FEDRA OFFICER: These are messy times, private. We do what we need to to maintain order in the Zone.
STEVEN: I…with all due respect, sir, how does RAPE maintain order?
FEDRA OFFICER: By keeping our troops happy. We can't pay them, and we can only make the accommodations so luxurious. This is a necessary part of our job, private. Don't like it? Feel free to leave the Zone.
[pause.]
FEDRA OFFICER: Understood, private?
STEVEN: Yes, sir.
7 years later…
FEDRA OFFICER: Steven, this is the last time I am going to tell you this: Drop. It.
STEVEN: But-
FEDRA OFFICER: That is an ORDER, corporal! We do what is necessary to maintain order in the Zone. And if I hear another word out of your mouth about our methods, I'm going to have you court-martialed for treason. Understood?
"Understood."
"Good. Back to work, now."
-odsi-
I stare at the graffiti in front of my apartment. "PIG" in giant letters. "FUCK FEDRA" directly beneath it. I scowl. But I also think about it. Seattle is not pleasant if you are not one of us.

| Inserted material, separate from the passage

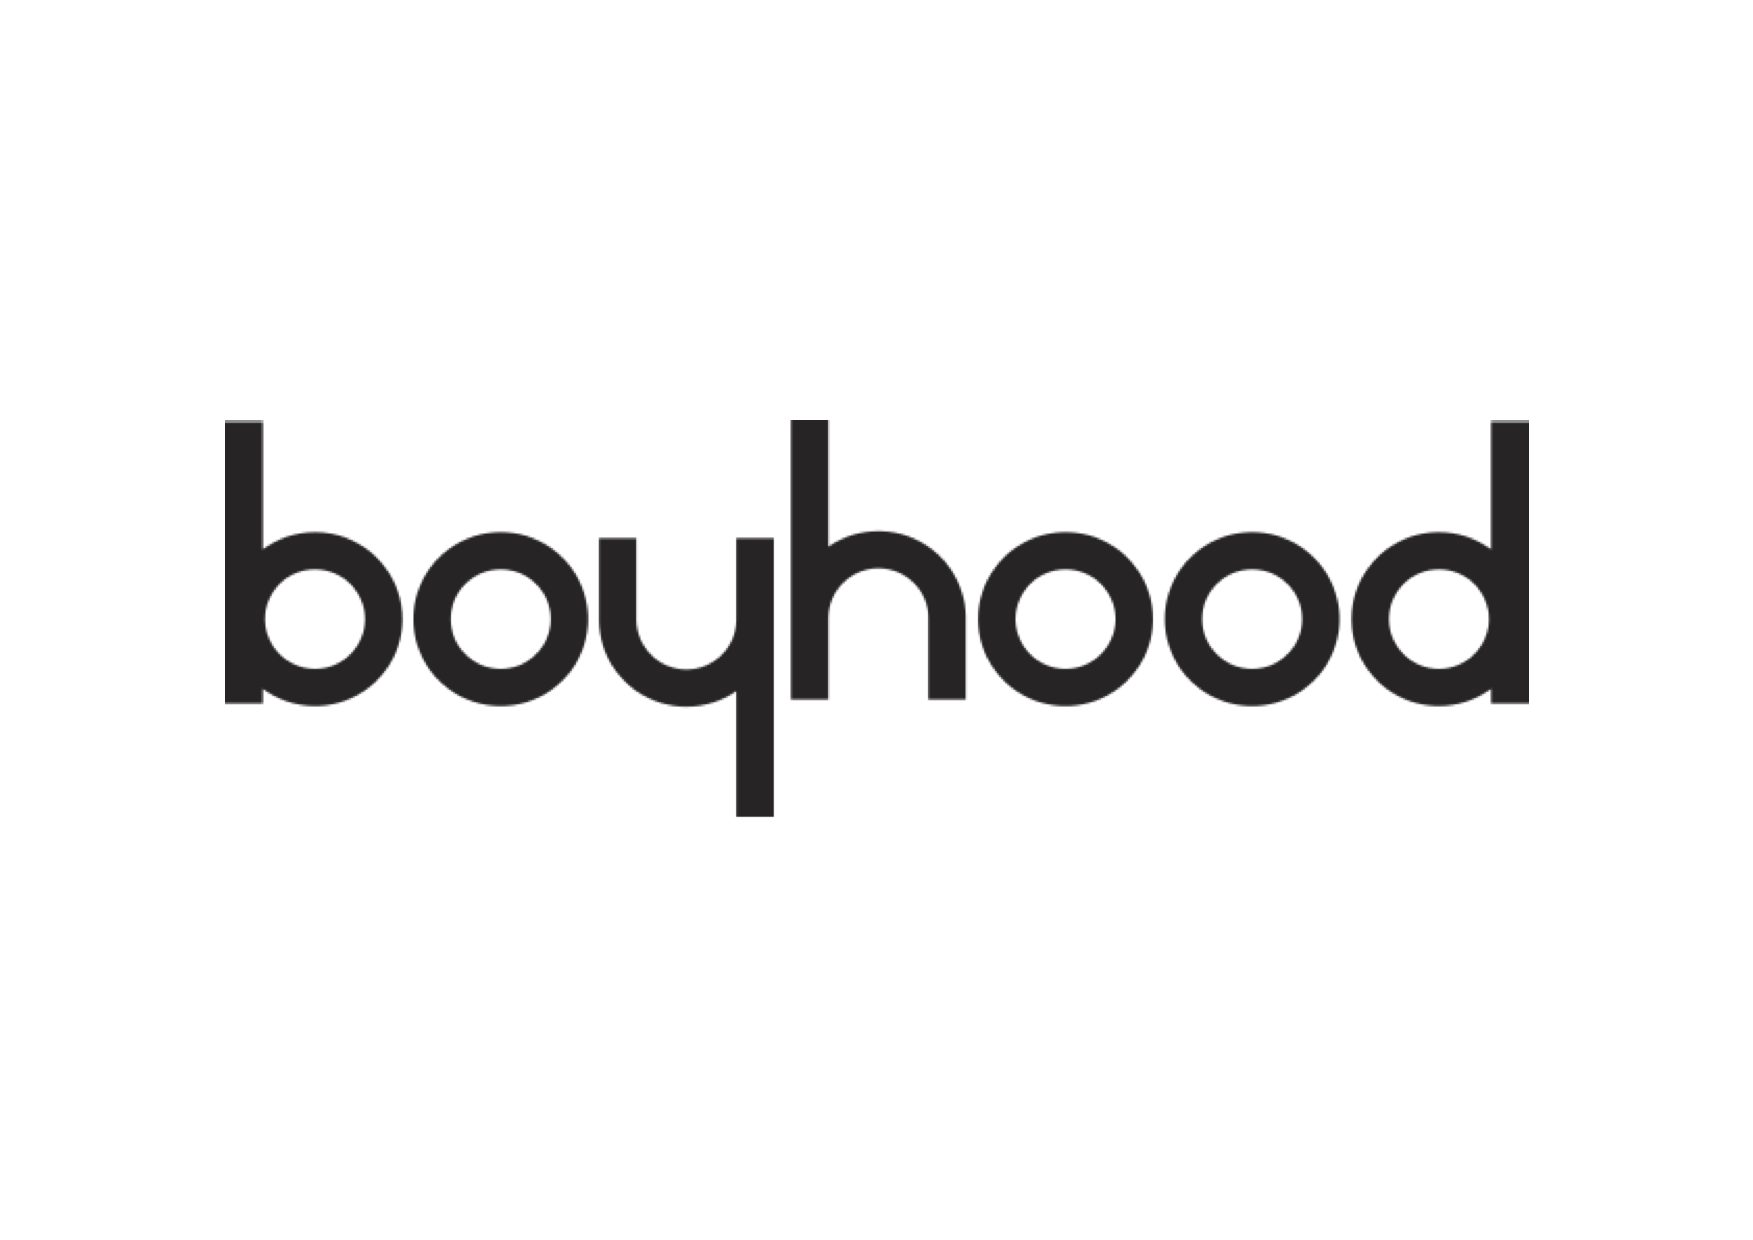 BOYHOOD

Before I can contemplate this further, I am grabbed from behind and chloroform is forced onto my face.
Chapter 9 - Wolves
The hoodie is itchy and uncomfortable. Intellectually I understand it is necessary; you didn't kidnap a FEDRA soldier and then let him know where your headquarters was. But it is still irritating.

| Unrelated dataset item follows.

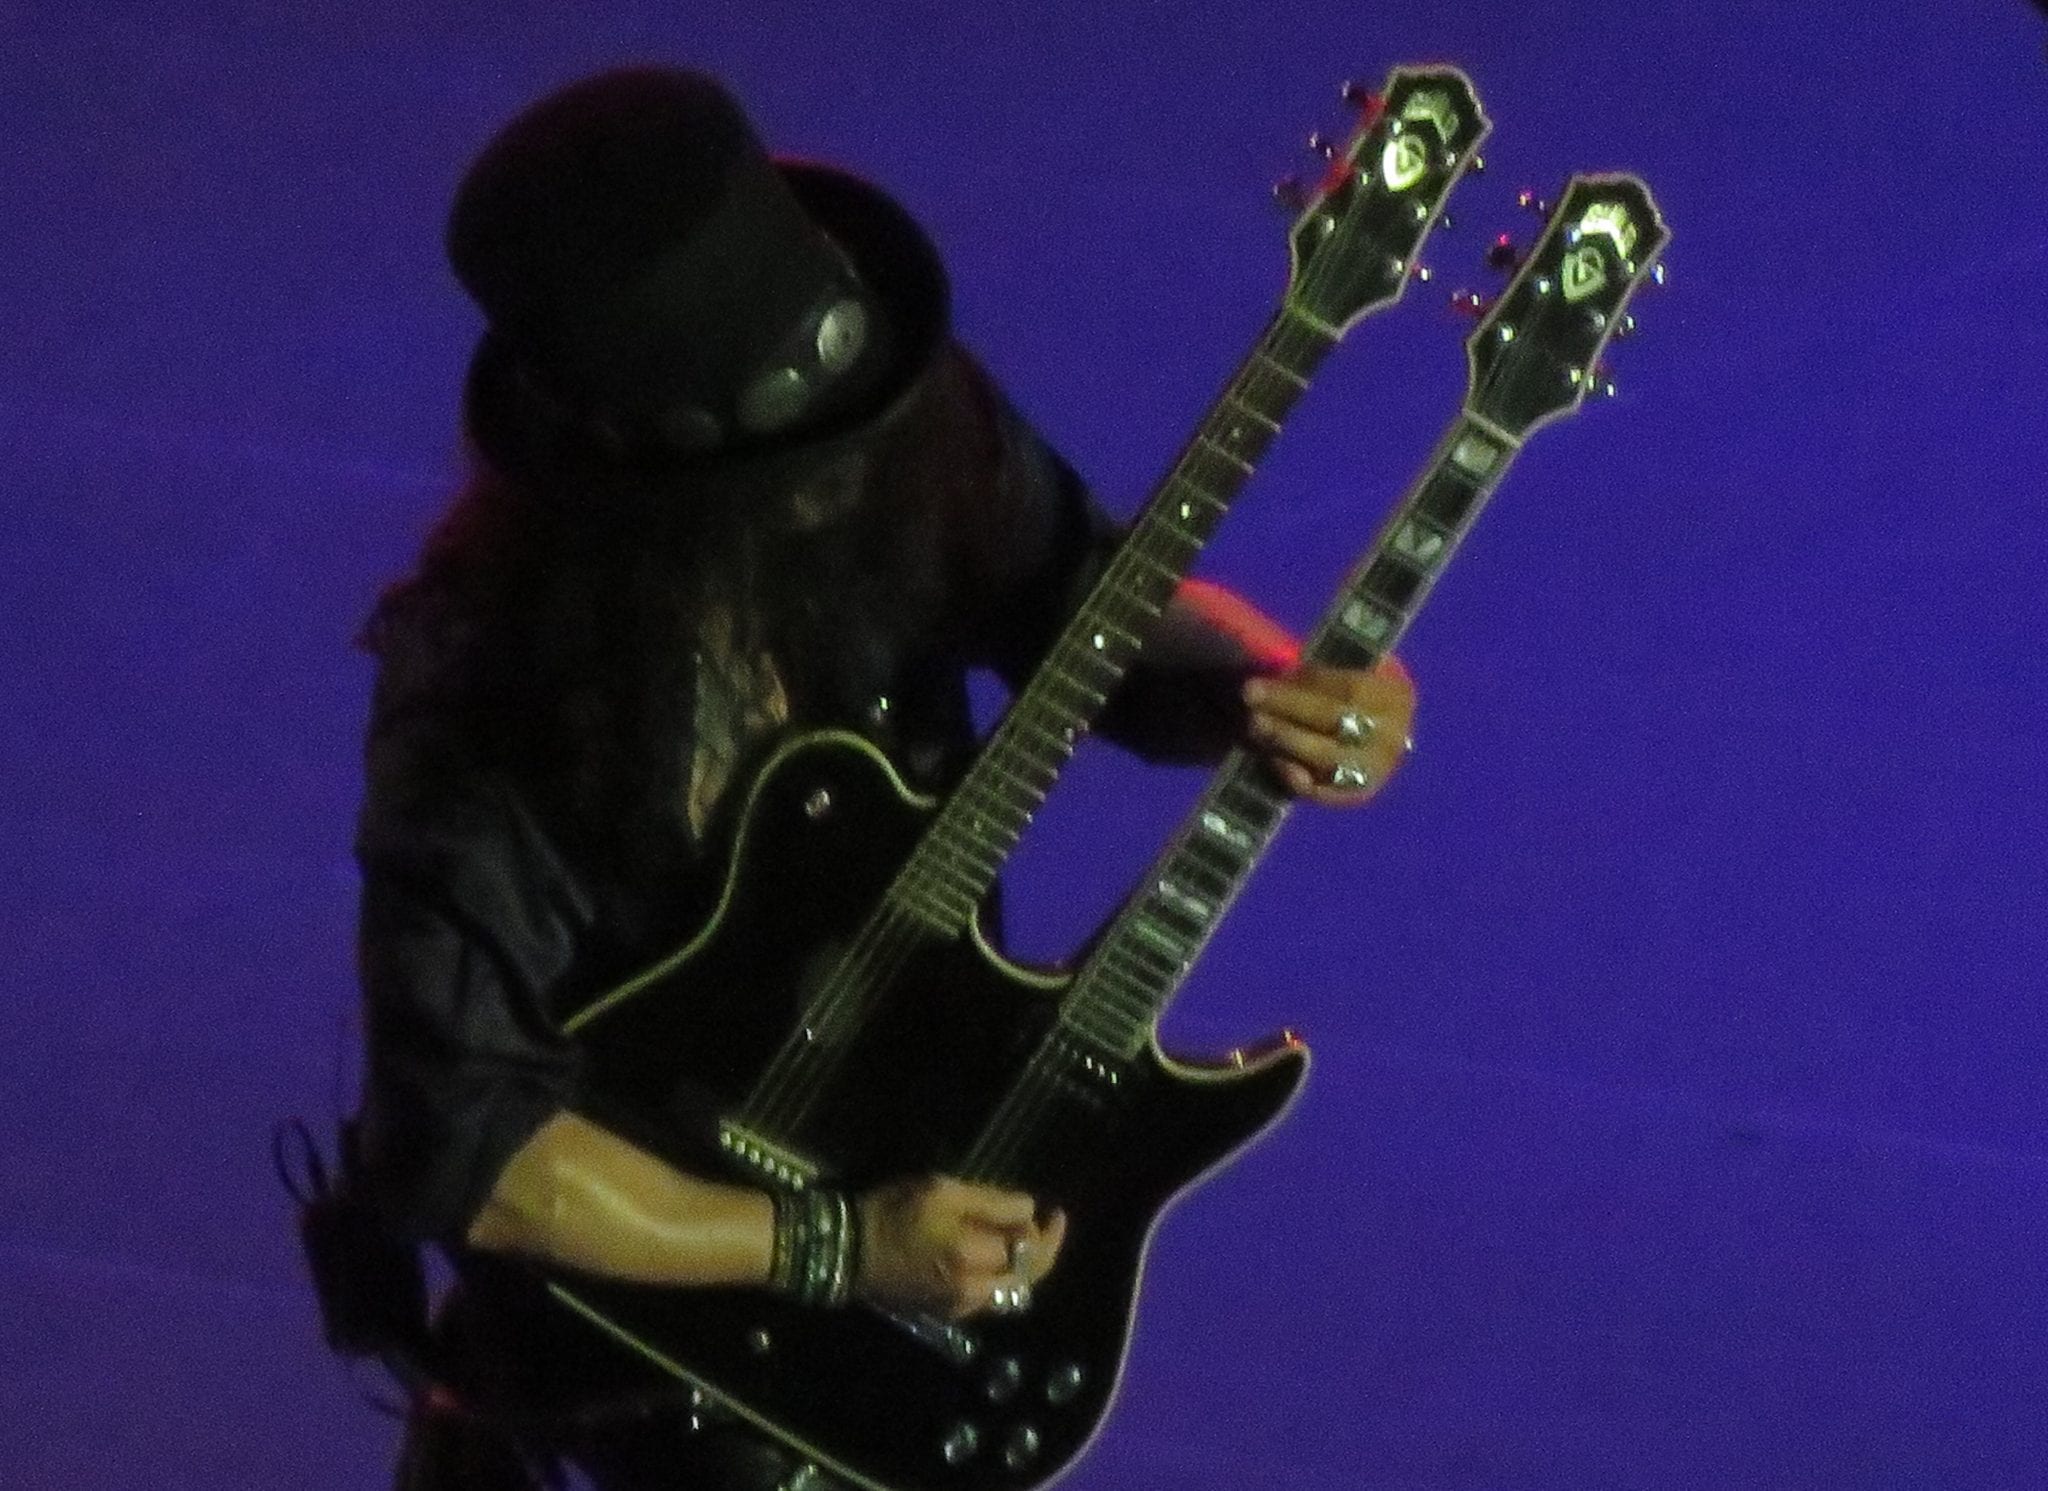 Crónica del concierto de Guns N’ Roses en San Mamés, Bilbao, 30-05-2017

At length it is finally removed and I am sat upright. I find myself staring at an older black man whom I instinctually know has the air of a leader. I make a guess that the white man with graying hair standing next to him is his right-hand man.
"Do you know why you're here?" The black man asks.
I shake my head.
"You do, you just don't know it for certain yet." His eyes narrow. "You won't get our names. You haven't earned them yet. But you're here because you're a FEDRA soldier that hates FEDRA. Aren't you?"

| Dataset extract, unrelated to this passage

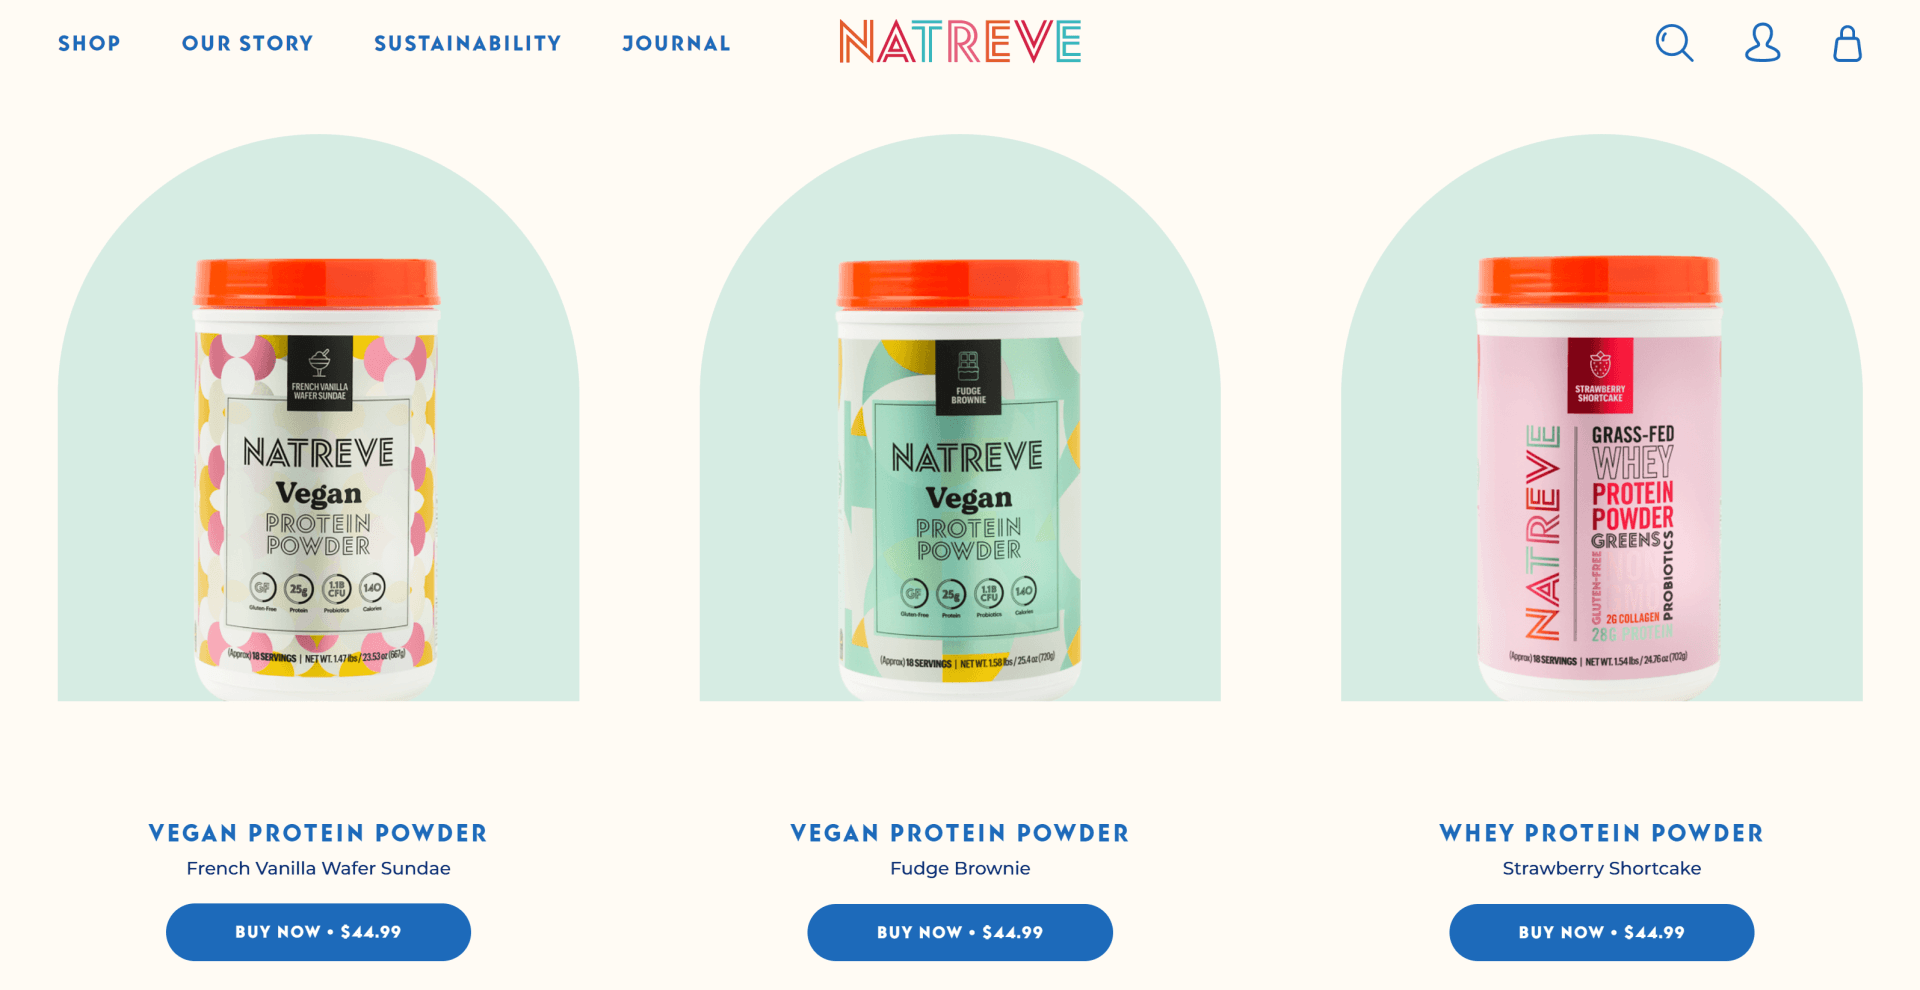 Image of 3 bottles containing vegan protein powder

"What?" I try my best to sound offended. "How could-"
"Shut up," the gray-haired man interrupts. "We've been watching you. Bribed a few soldiers to learn about you. You want FEDRA gone just like we do and you regret joining the wrong team."
The gray-haired man pauses.
"So how would you like to be a mole?"
I consider the question, long and hard.
-odsi-
5 years later…
"FUCK FEDRA! WE'RE THE WOLVES!"
I enthusiastically sing the final lyrics to our fight song as the last bus makes its way to the Stadium, which I happen to be on.
The civilians are wary. They are being taken from the safety of the quarantine zone into an uncertain future in the Stadium. But I have heard of Isaac's plan, and I am confident in its success.
Today is a new day for Seattle.
Epilogue: Ellie
Present Day (2038)
Steven loved sniping from the Monorail. The Scars usually figured out where he was before long, but he always made it down in-
"Veach? You there?"
I pick up the radio. "Yup."
"We've got a situation down by the old arcade. Really tough trespasser. Think you can handle it?"
"Of course!"
-odsi-
He couldn't, obviously. Ellie is the protagonist, and Steven is merely a background soldier. He has no chance.
Thus when he surprised Ellie shortly after she had defeated the Arcade Room Bloater, they struggled for a few moments before the knife landed in his throat just as it did Jordan's. The final words he heard were the same ones Jordan did: "GOT YOU, MOTHERFUCKER!"
Thus Steven Veach ended his life as one of the many redshirts killed by Ellie in her relentless quest for revenge.